Final
- Champions: Guy Forget; Jakob Hlasek;
- Runners-up: Scott Davis; David Pate;
- Score: 7–6, 7–5

Details
- Draw: 24
- Seeds: 8

Events
| Singles | Doubles |
| Tokyo Indoor |

= 1990 Tokyo Indoor – Doubles =

For the 1990 Tokyo Indoor doubles Kevin Curren and David Pate were the defending champions, but Curren did not participate this year. Pate partnered Scott Davis, losing in the final.

Guy Forget and Jakob Hlasek won the title, defeating Davis and Pate 7–6, 7–5 in the final.

==Seeds==
All seeds receive a bye into the second round.

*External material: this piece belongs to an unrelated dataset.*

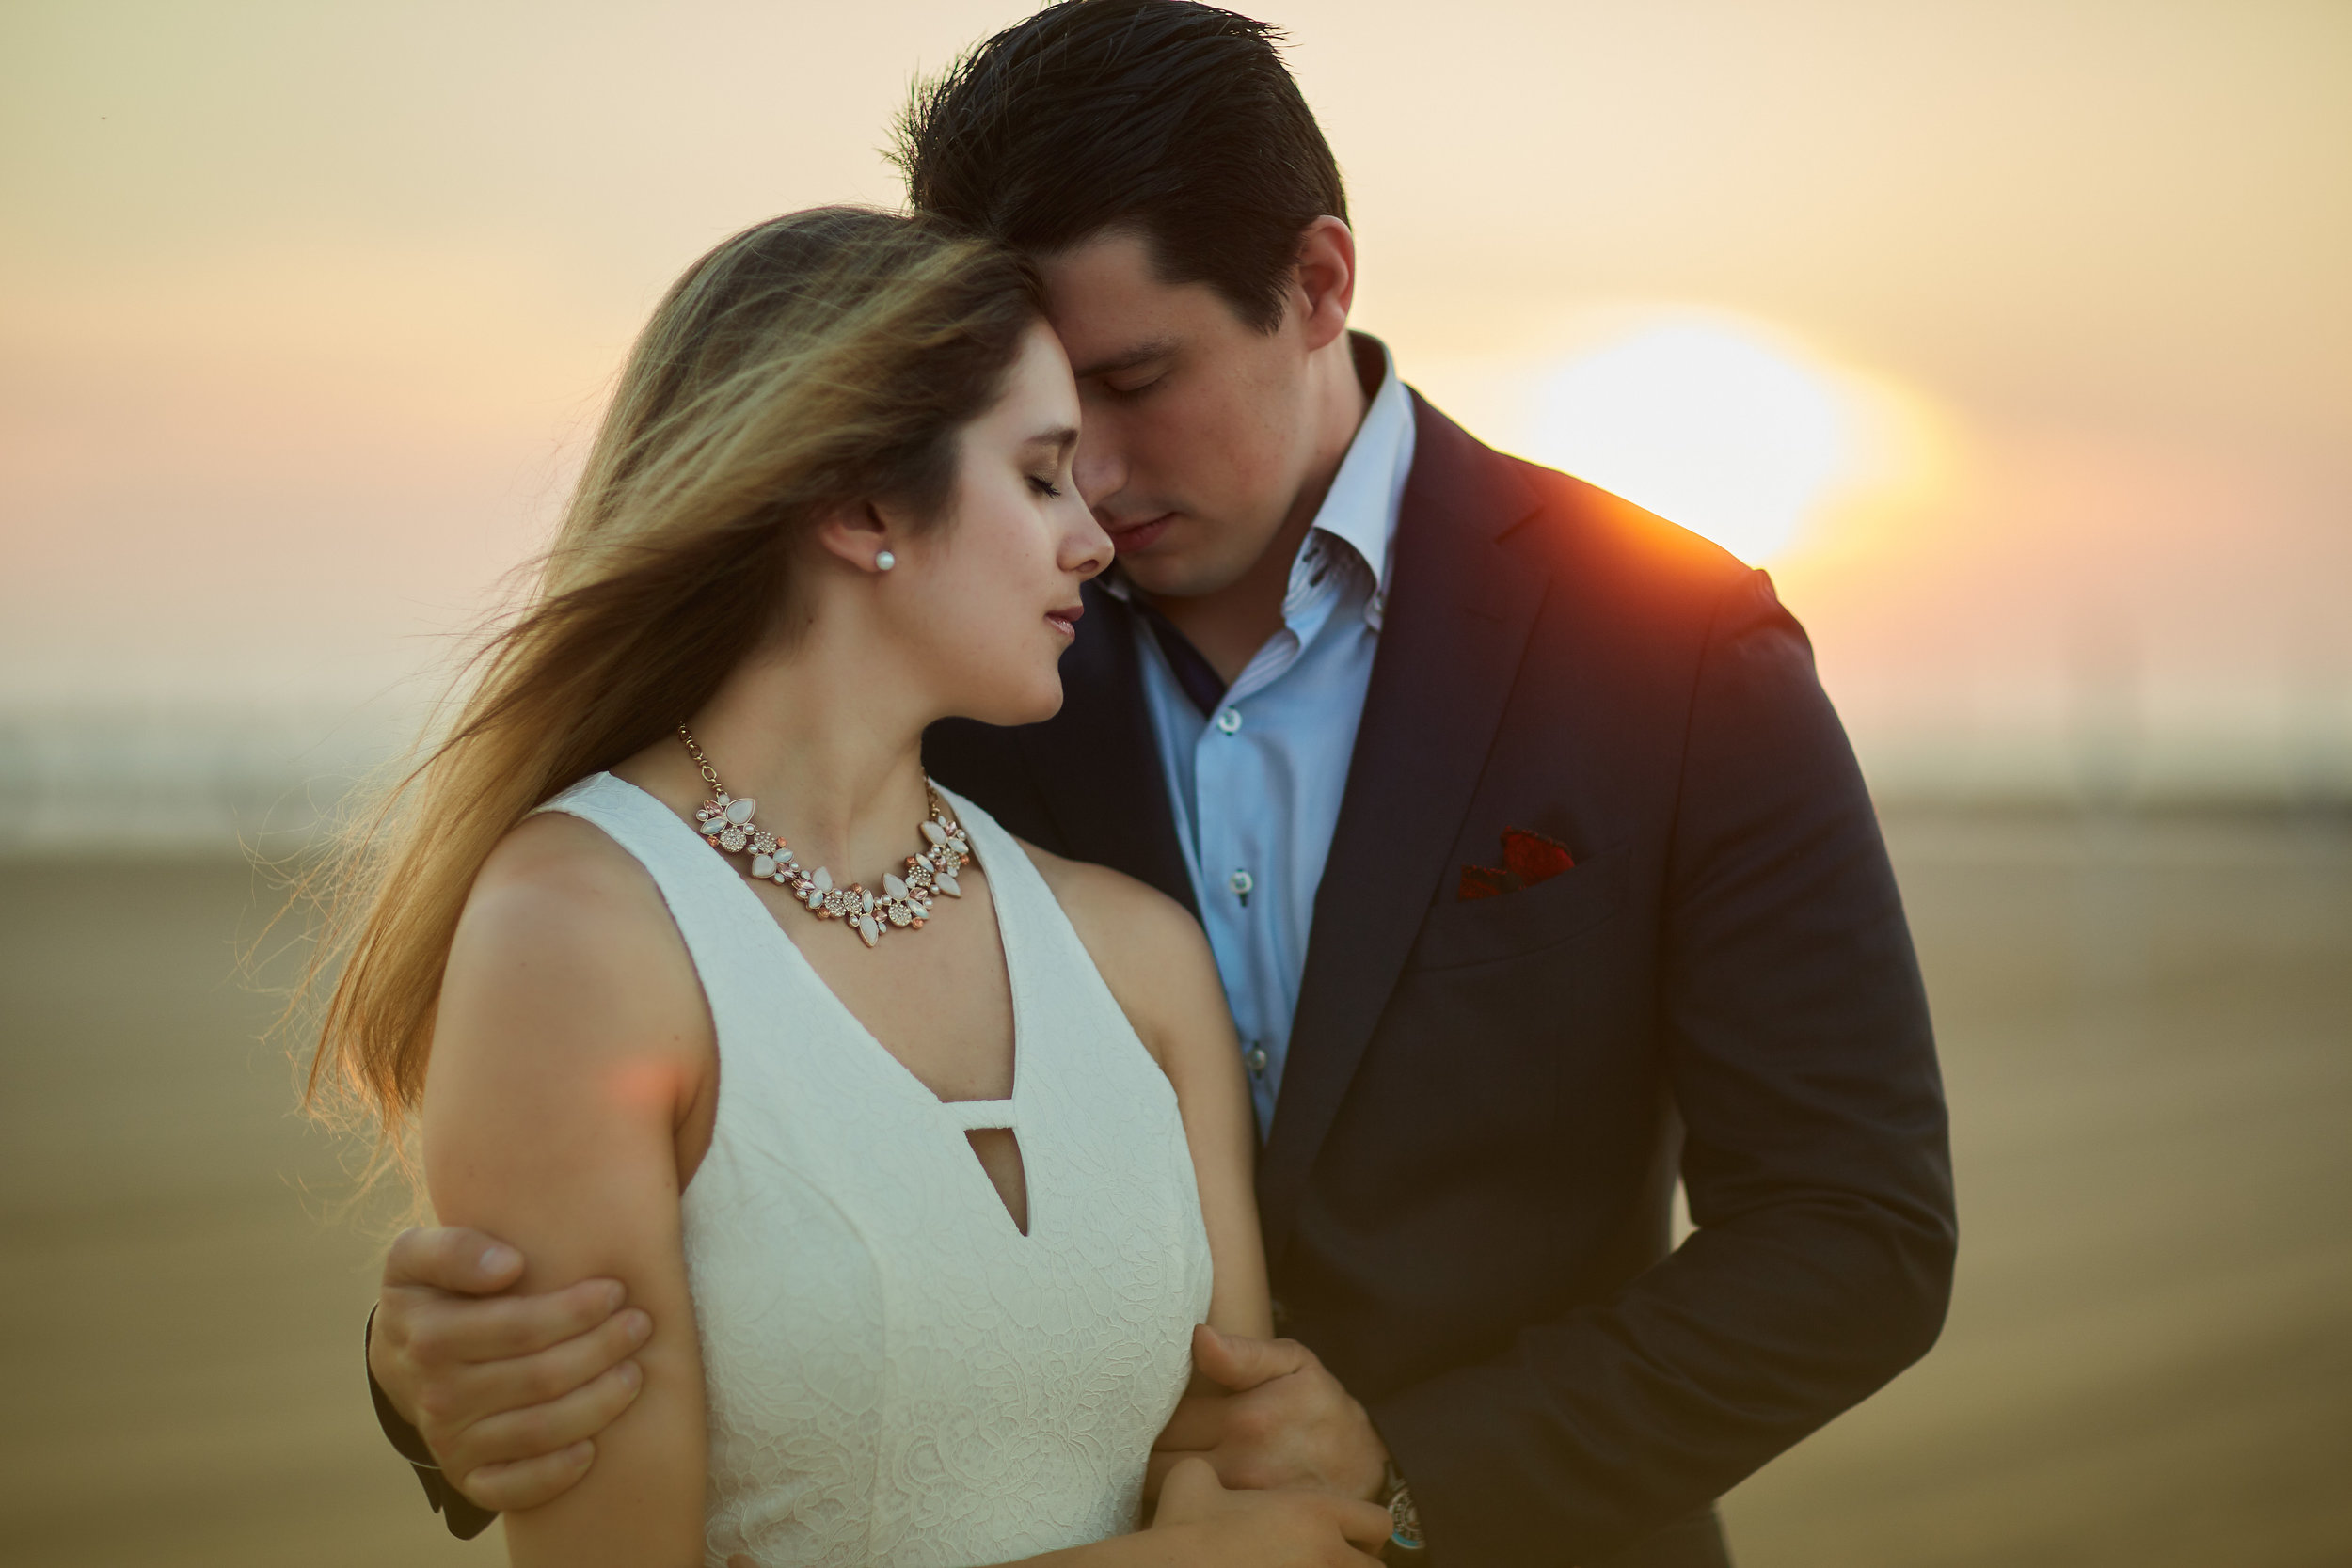 engaged couple photo shoot lake michigan chicago beach

1. USA Rick Leach / USA Jim Pugh (second round)
2. CAN Grant Connell / CAN Glenn Michibata (semifinals)
3. FRA Guy Forget / SWI Jakob Hlasek (champions)
4. USA Scott Davis / USA David Pate (final)
5. AUS Darren Cahill / AUS Mark Kratzmann (quarterfinals)
6. MEX Jorge Lozano / USA Todd Witsken (quarterfinals)
7. AUS Jason Stoltenberg / AUS Todd Woodbridge (second round)
8. NZL Kelly Evernden / USA Kelly Jones (semifinals)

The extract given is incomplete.